## [WHAT TO PRODUCE]
Leave every picture out, and print the full listing again exactly.

─── INFORMATION SHOWN

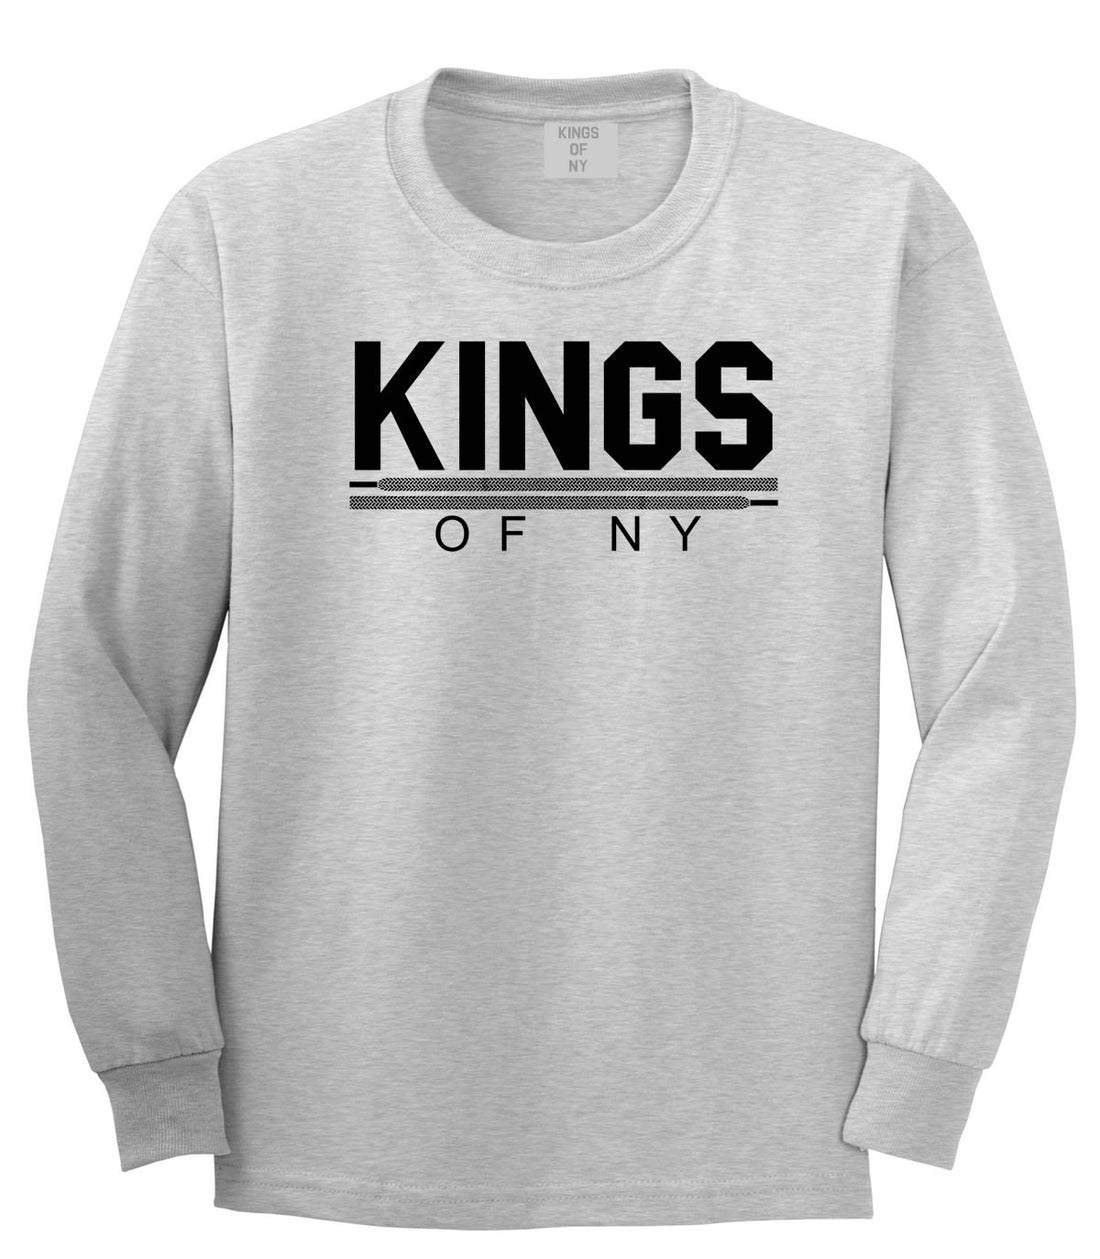 Kings Of NY Laces Long Sleeve T-Shirt in Grey By Kings Of NY
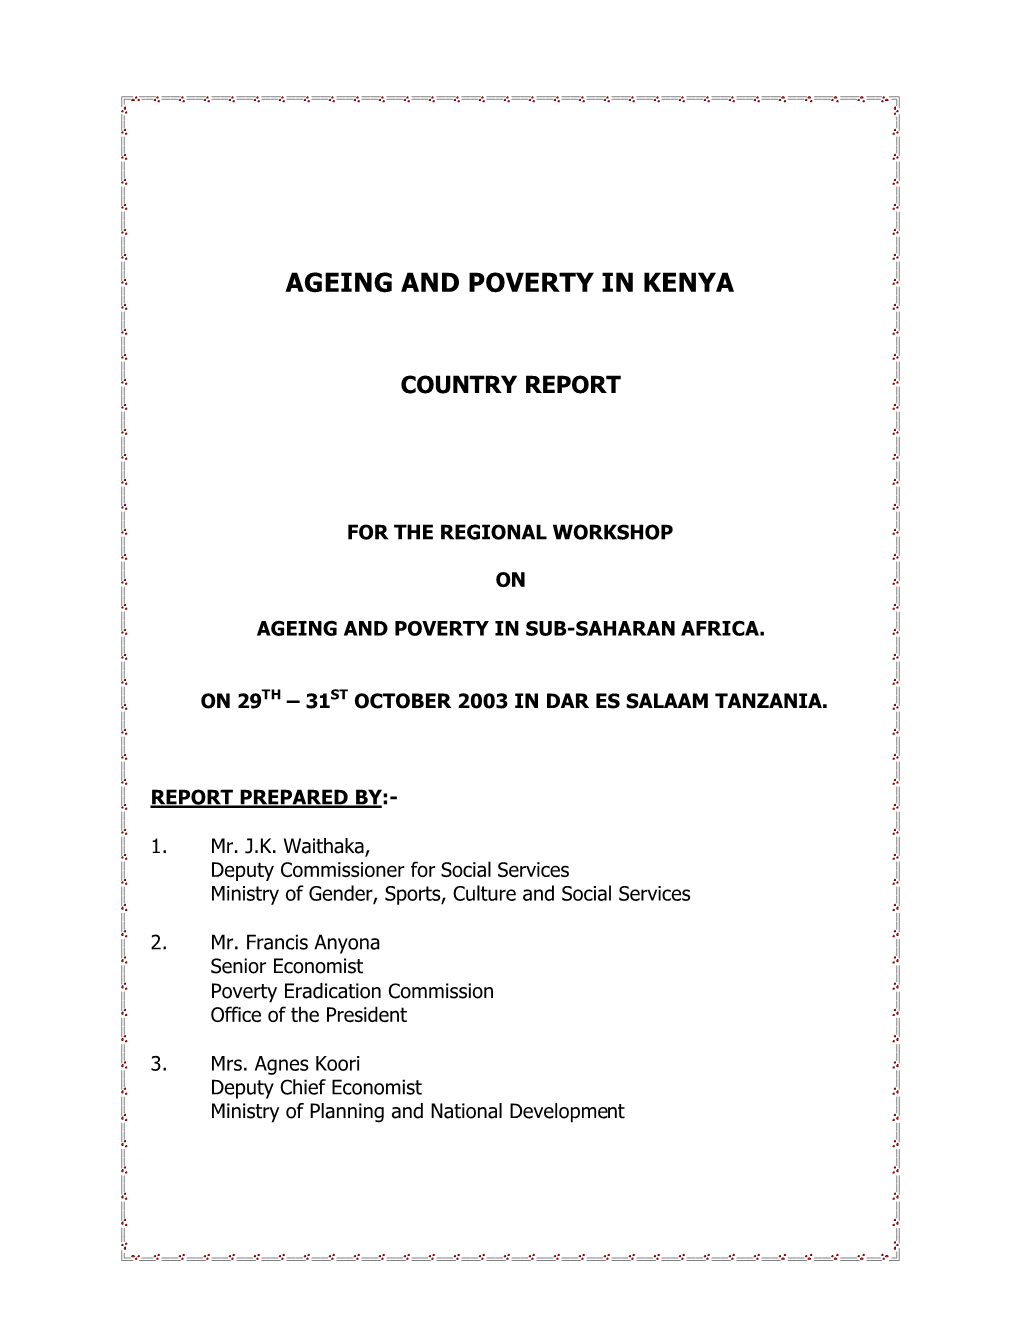 Ageing and Poverty in Kenya
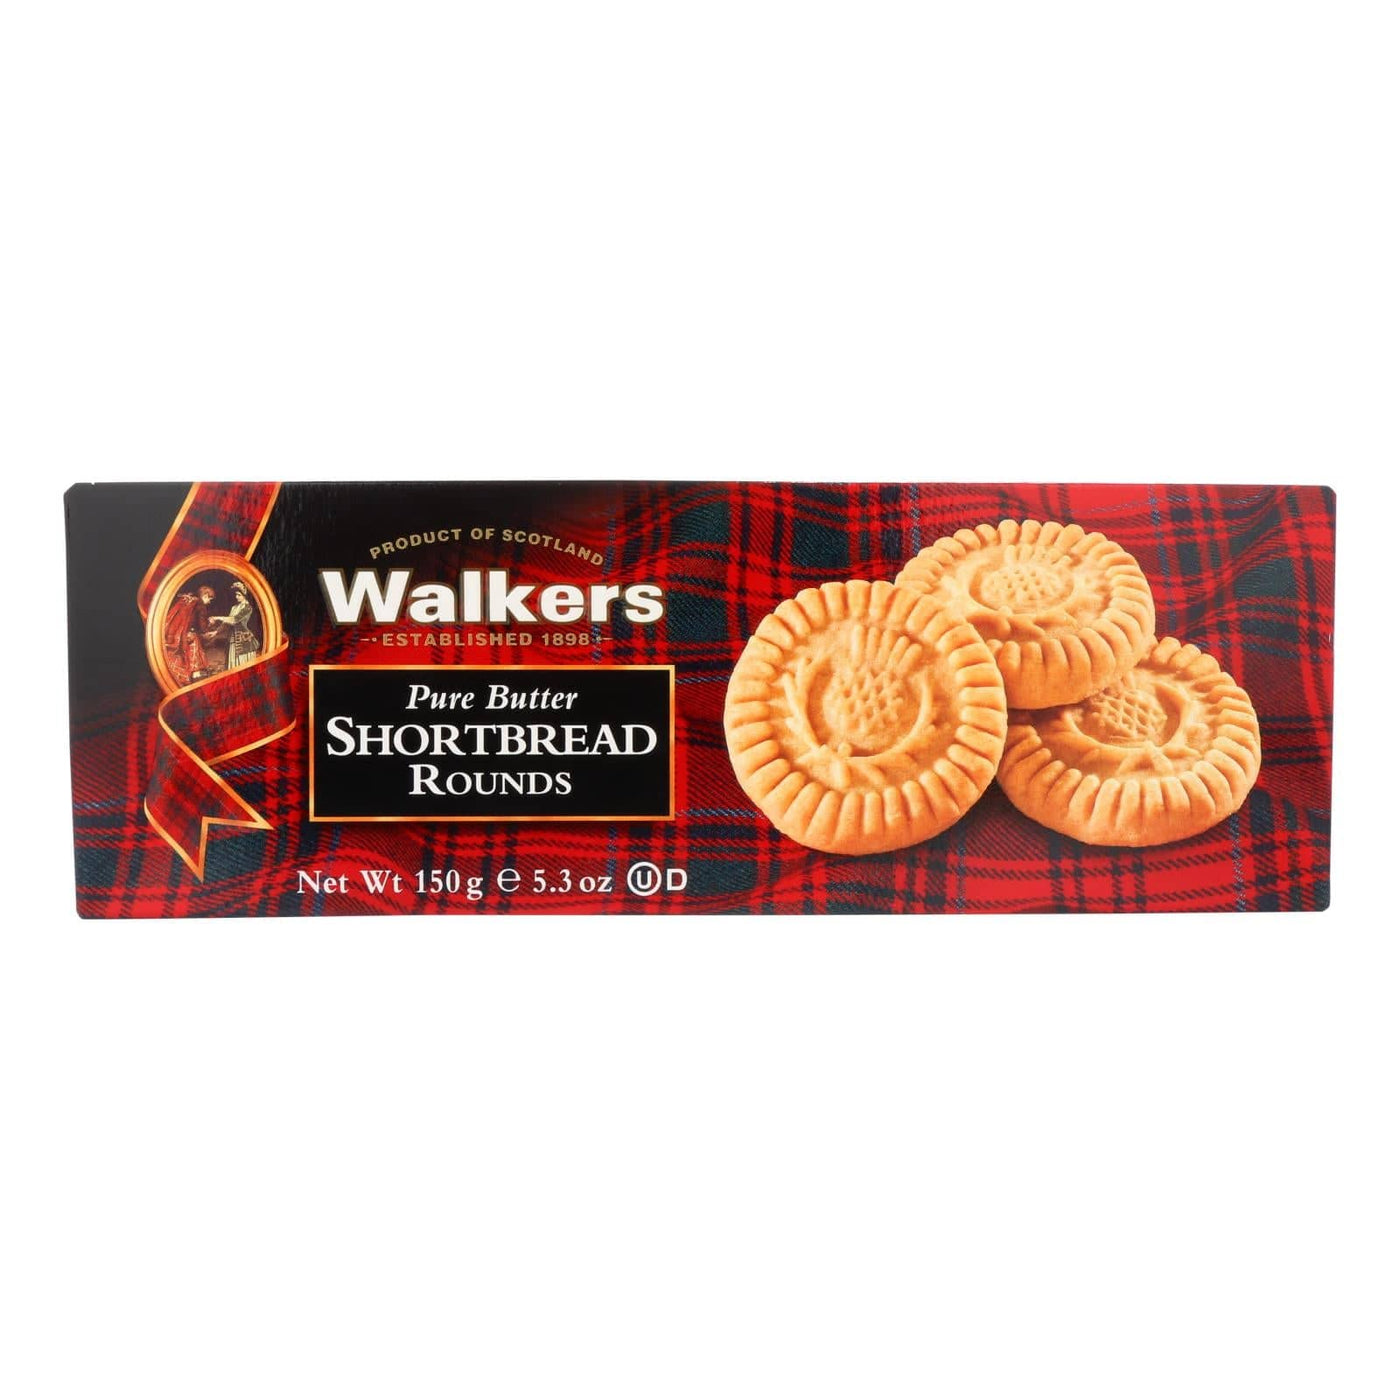 Walkers Shortbread - Pure Butter Round - Case Of 12 - 5.3 Oz. | OnlyNaturals.us
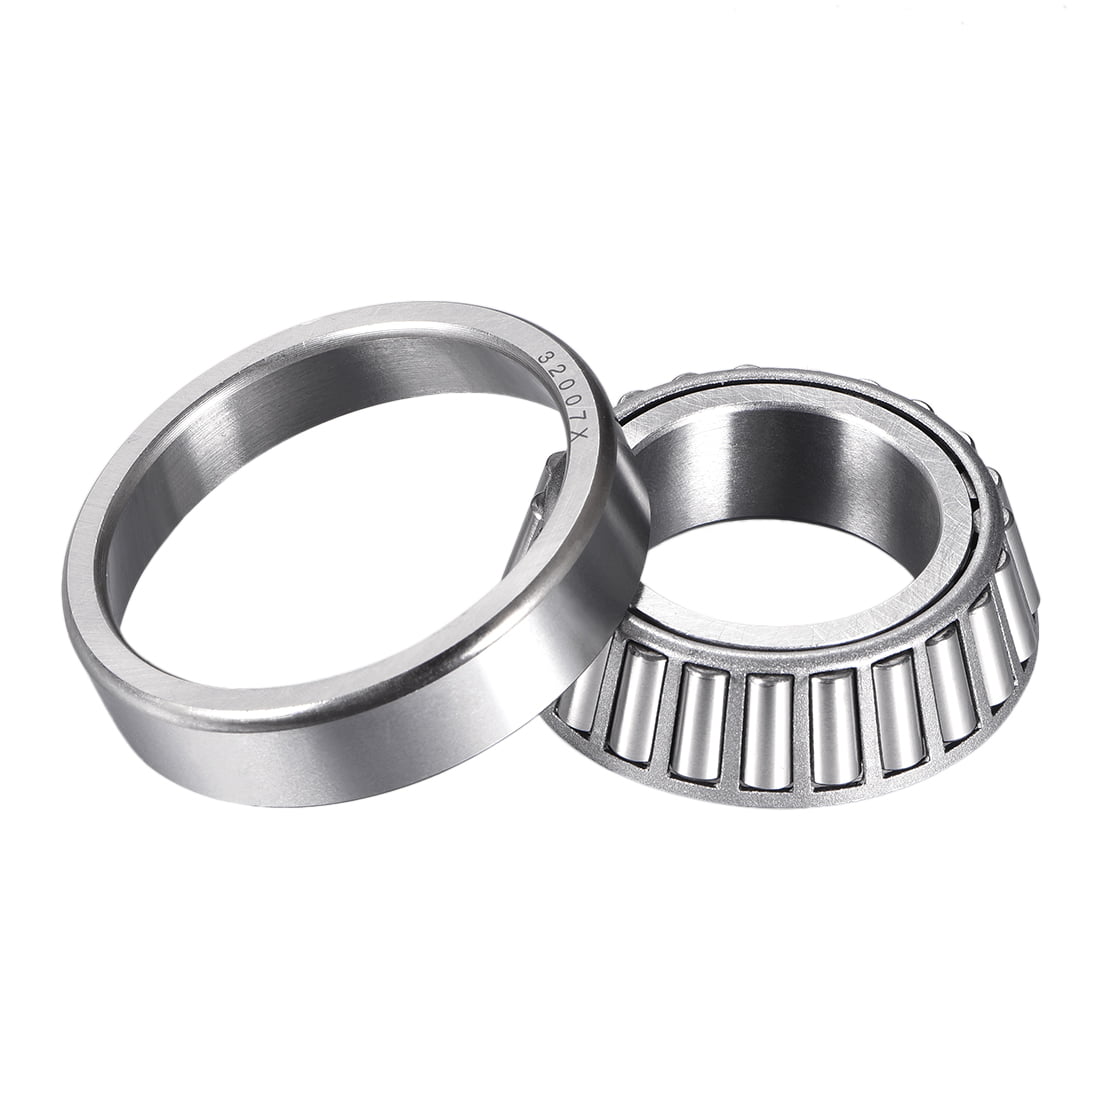 35mm Bore 62mm OD 18mm 32007X Tapered Roller Bearing Cone/Race Set

──────

## [OUTPUT BELOW]
 Kings Of NY Laces Long Sleeve T-Shirt in Grey By Kings Of NY
 Ageing and Poverty in Kenya
 Walkers Shortbread - Pure Butter Round - Case Of 12 - 5.3 Oz. | OnlyNaturals.us
 35mm Bore 62mm OD 18mm 32007X Tapered Roller Bearing Cone/Race Set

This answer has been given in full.